# 2004 clean Toyota Corolla for Uber/lyft



## Toni obetkovski (Jan 28, 2018)

just wondering what you guys thought on using this vehicle for the Uber/Lyft platforma,I currently only do this part time on the weekends,been driving my X5,but there is just not enough business fir Uber select to make me happy,and it just doesn’t make sense to using this car for UberX,so I already have the Toyota, and am thinking of using that fir UberX,any input is appreciated,,,,my concern is that my rating might take a dive for using a vehicle that is 2004,even if it is spotless!


----------



## reg barclay (Nov 3, 2015)

Toni obetkovski said:


> just wondering what you guys thought on using this vehicle for the Uber/Lyft platforma,I currently only do this part time on the weekends,been driving my X5,but there is just not enough business fir Uber select to make me happy,and it just doesn't make sense to using this car for UberX,so I already have the Toyota, and am thinking of using that fir UberX,any input is appreciated,,,,my concern is that my rating might take a dive for using a vehicle that is 2004,even if it is spotless!

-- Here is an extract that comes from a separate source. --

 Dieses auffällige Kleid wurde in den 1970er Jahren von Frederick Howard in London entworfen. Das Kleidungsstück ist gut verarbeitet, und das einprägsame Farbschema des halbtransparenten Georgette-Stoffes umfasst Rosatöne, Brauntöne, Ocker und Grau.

Rating might be a bit lower than you'd get in the X5 but IMHO if the Toyota is clean, runs okay and you are fine in other areas it shouldn't make a big difference and you should stay comfortably within the acceptable rating range, it beats ruining an expensive car doing Uber x.


----------



## Toni obetkovski (Jan 28, 2018)

Would you recommend water,mints,etc to compansate!?


----------



## Rockocubs (Jul 31, 2017)

Give it a try and see how it goes, no to water and mints.


----------



## kc ub'ing! (May 27, 2016)

Toni obetkovski said:


> Would you recommend water,mints,etc to compansate!?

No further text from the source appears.